--- DATA SUPPLIED ---

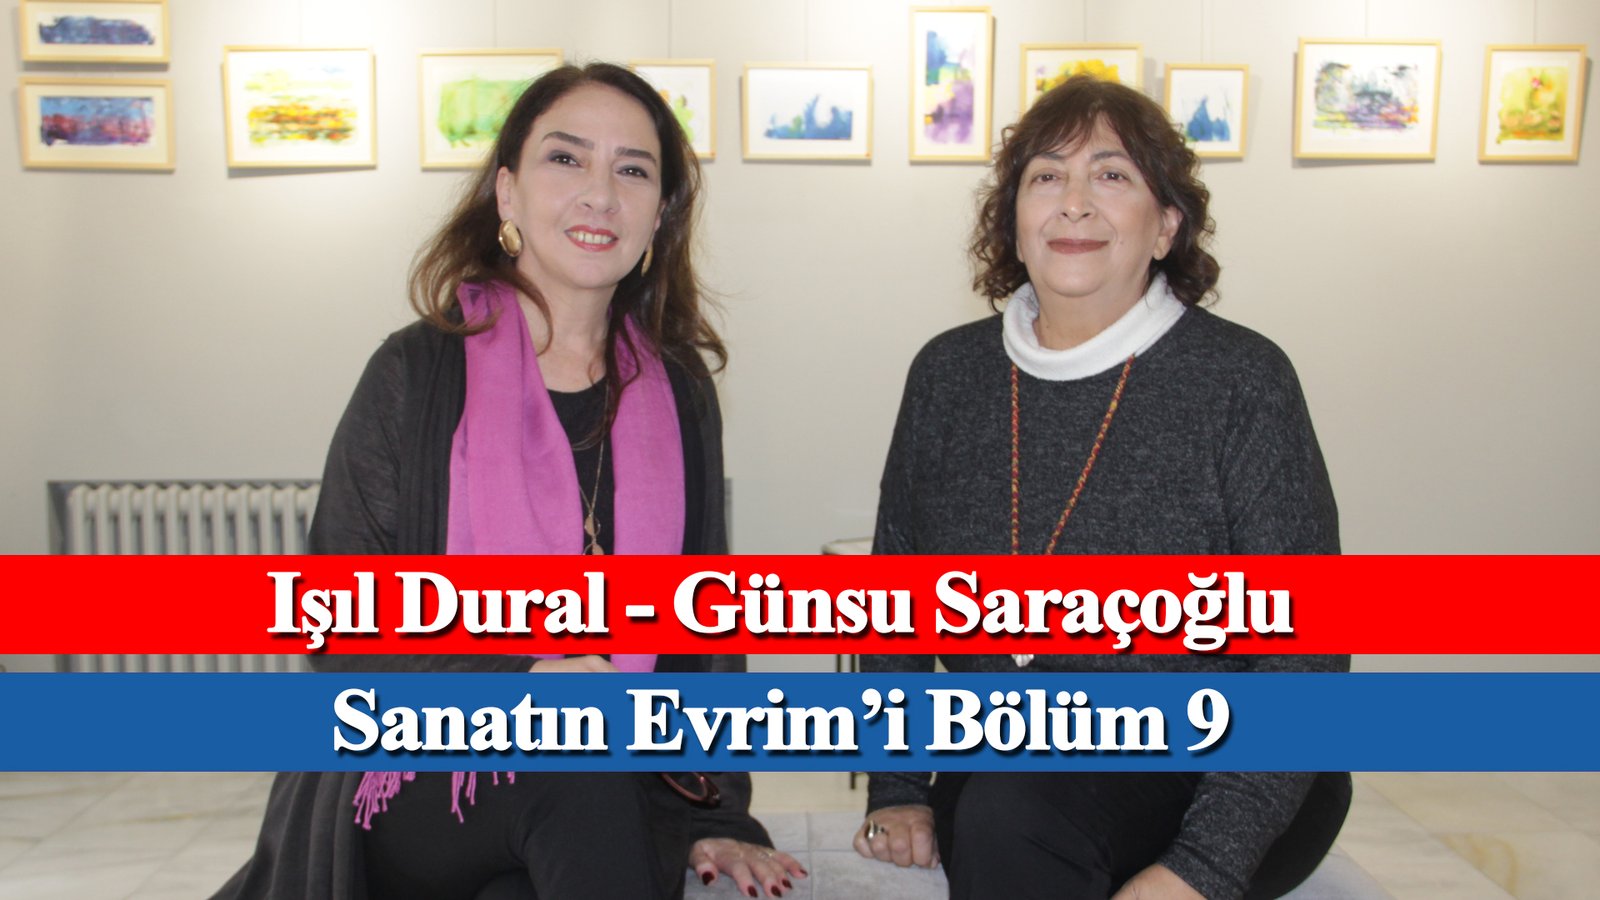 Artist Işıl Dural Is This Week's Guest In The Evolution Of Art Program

---
--- DATA SUPPLIED ---

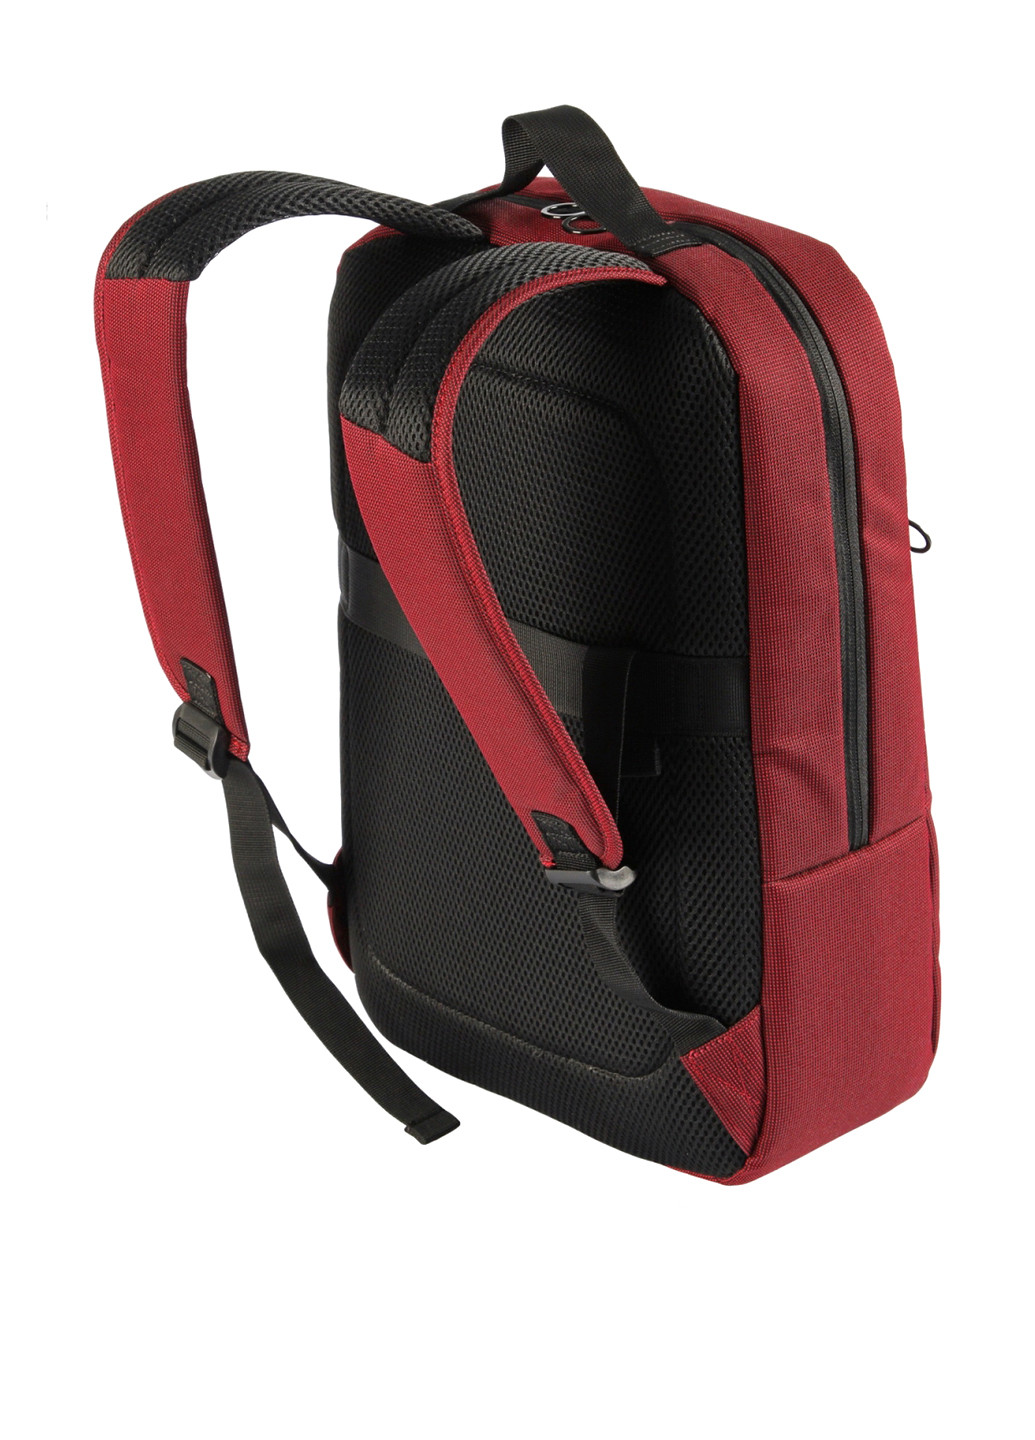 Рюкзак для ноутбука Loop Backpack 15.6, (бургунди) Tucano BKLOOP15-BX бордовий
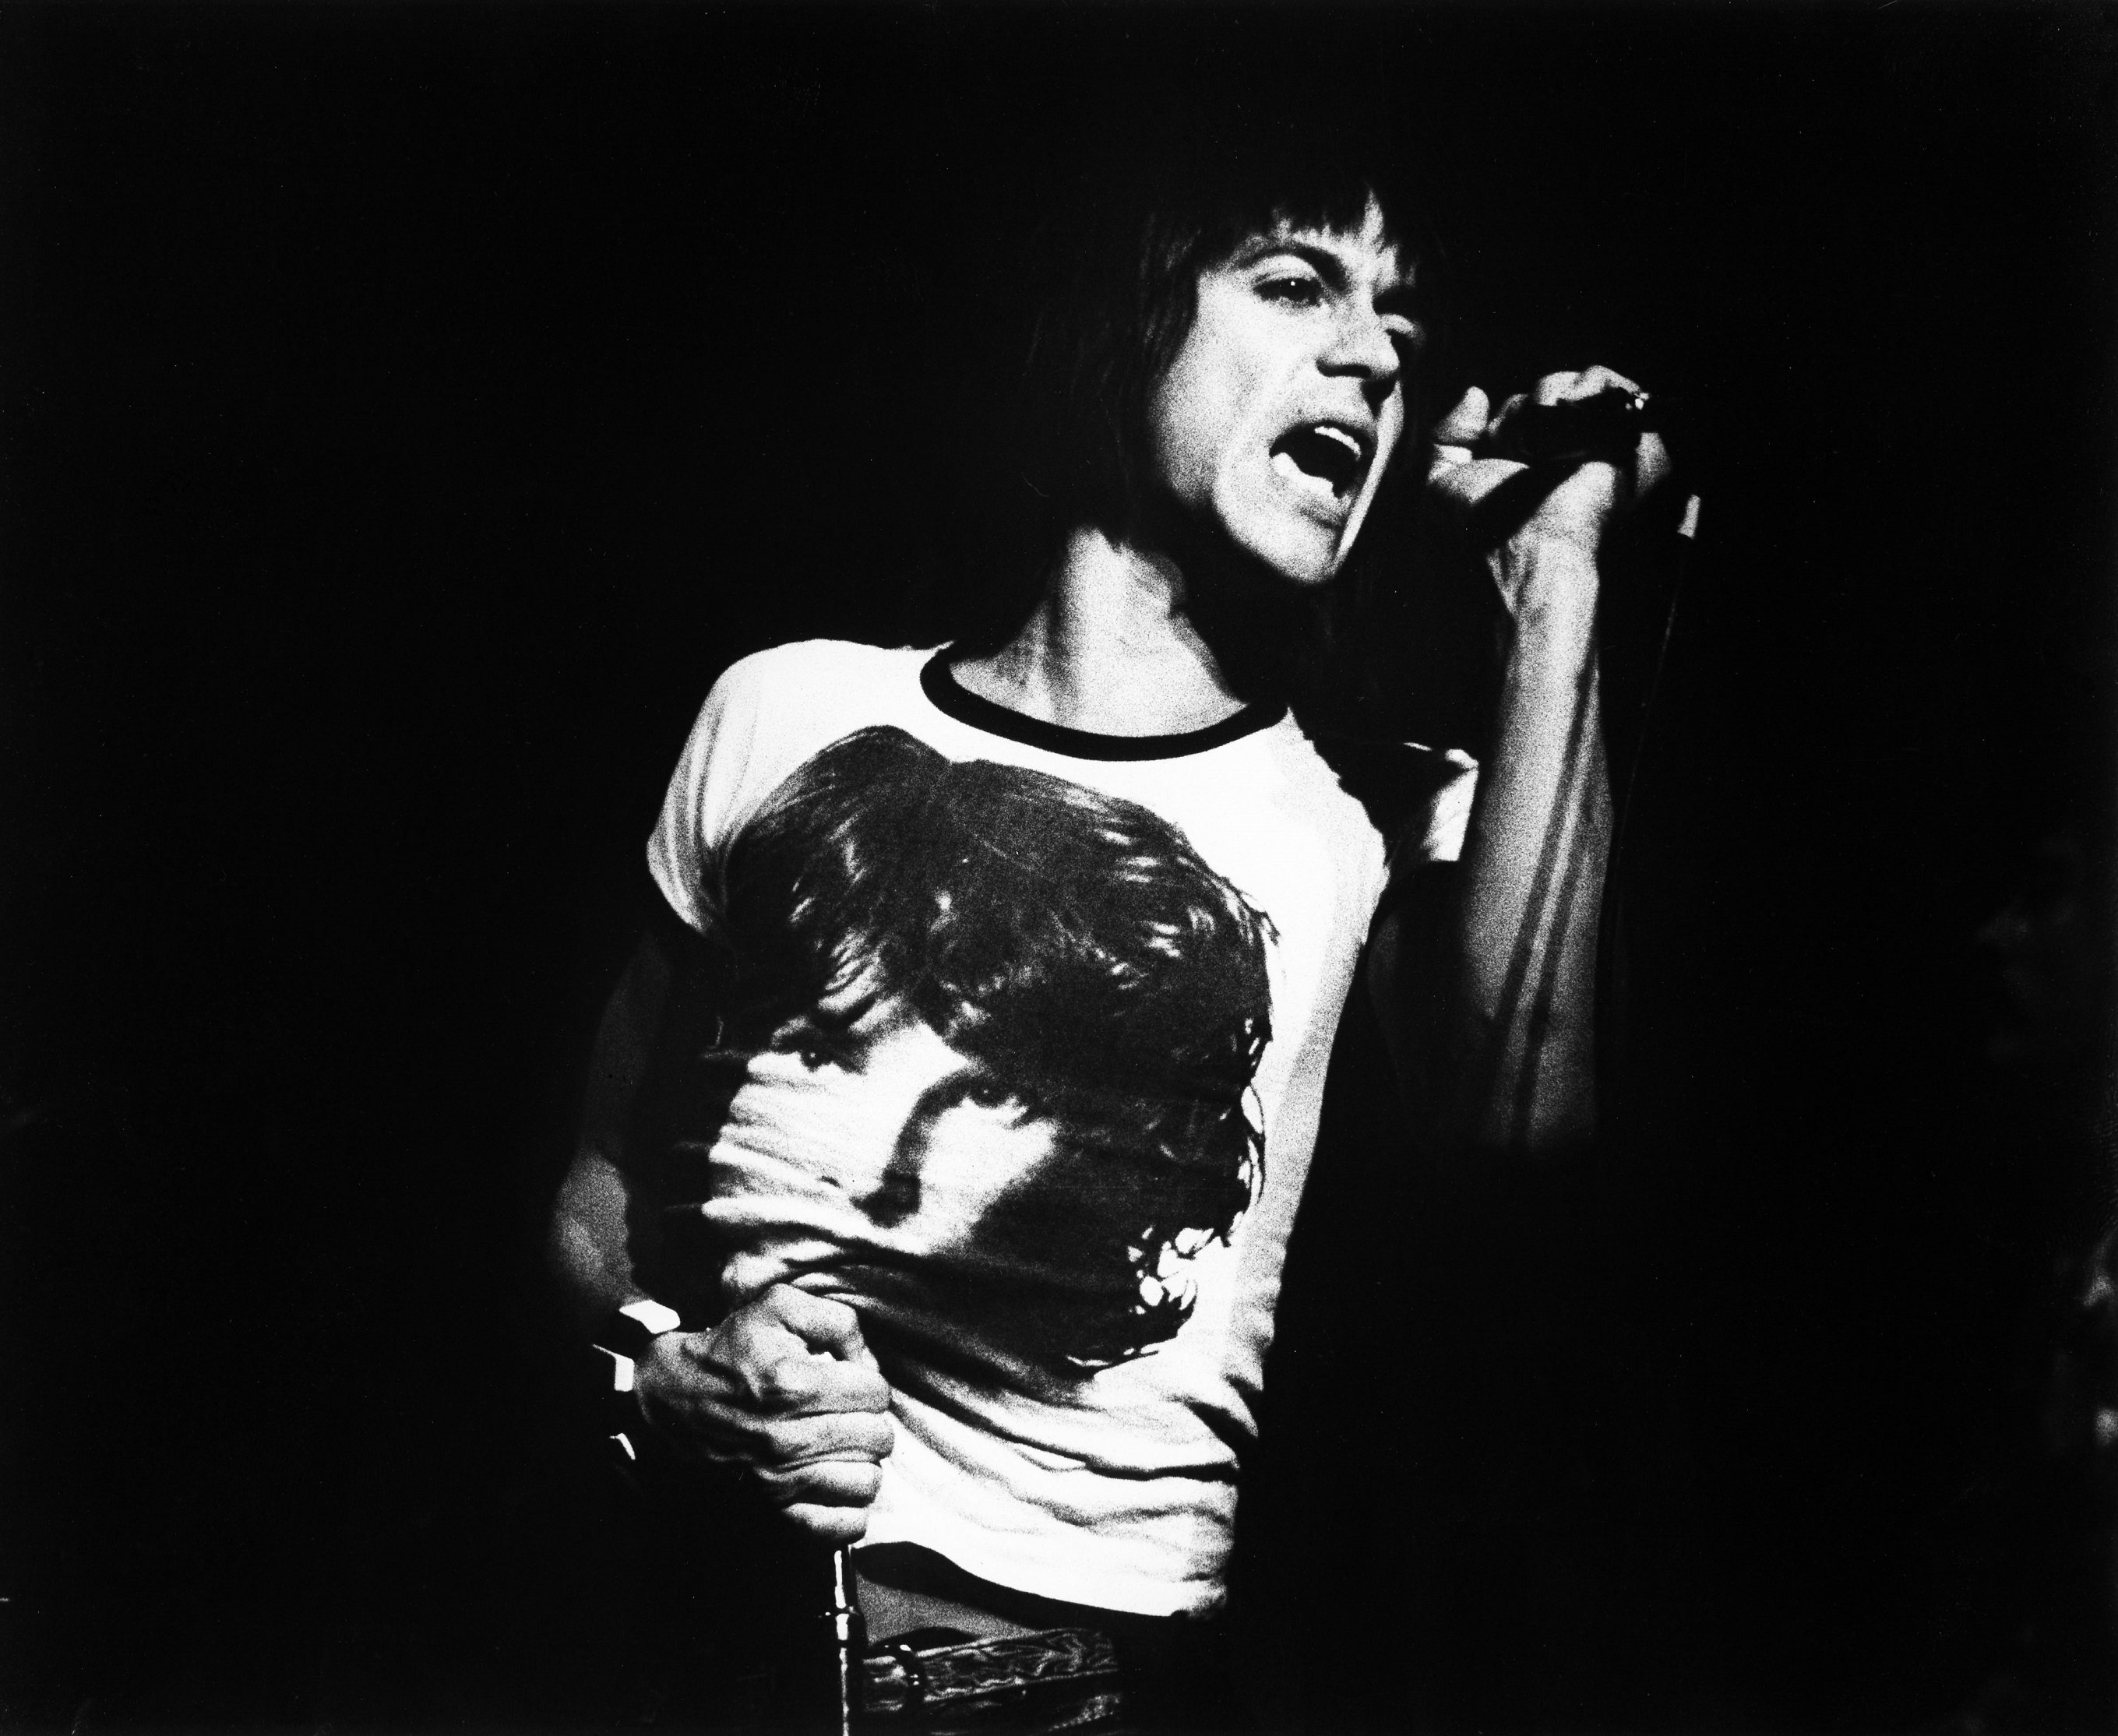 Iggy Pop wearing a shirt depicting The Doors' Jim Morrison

---
--- DATA SUPPLIED ---

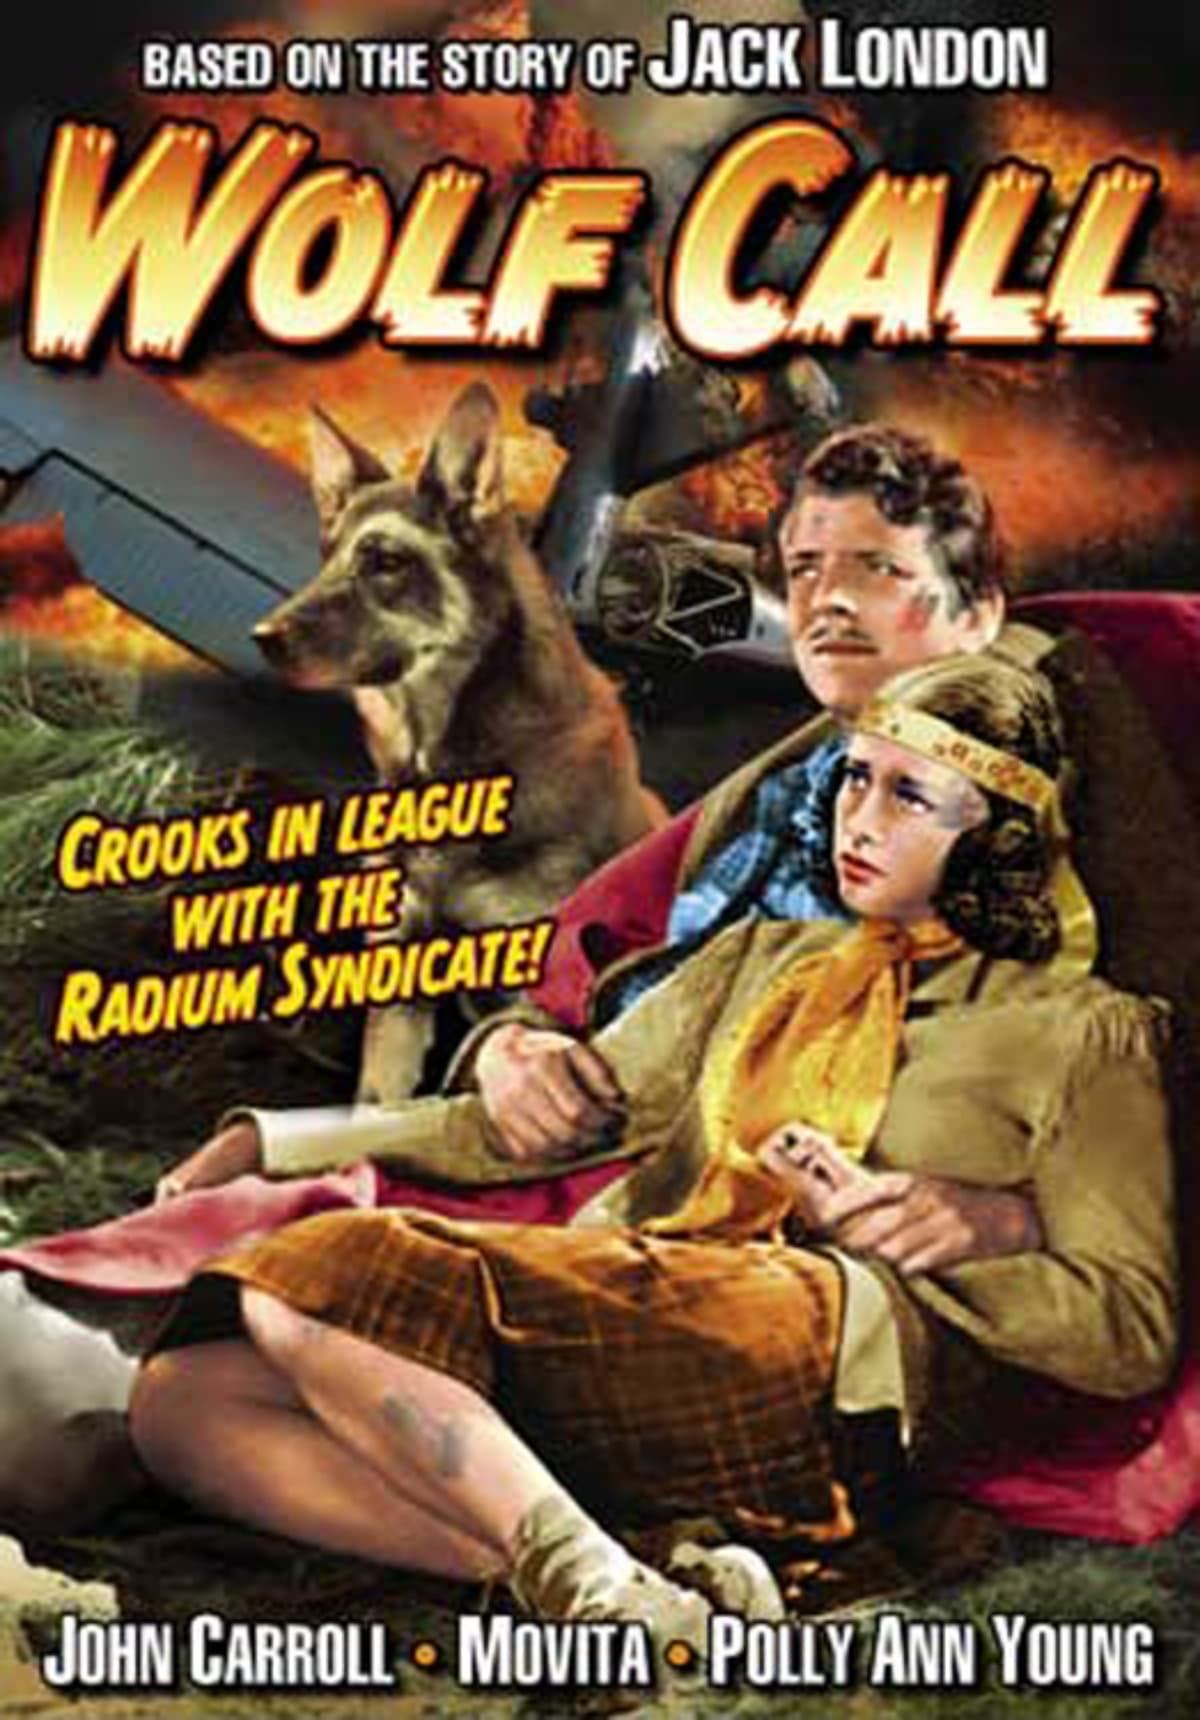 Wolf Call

---

▶ [THE TASK]: Write out the lines above from the one with "Рюкзак для ноутбука" through the one with "Iggy Pop wearing", ends included, exactly; no picture goes in.

▶ [OUTPUT OF THE TASK]:
 Рюкзак для ноутбука Loop Backpack 15.6, (бургунди) Tucano BKLOOP15-BX бордовий
 Iggy Pop wearing a shirt depicting The Doors' Jim Morrison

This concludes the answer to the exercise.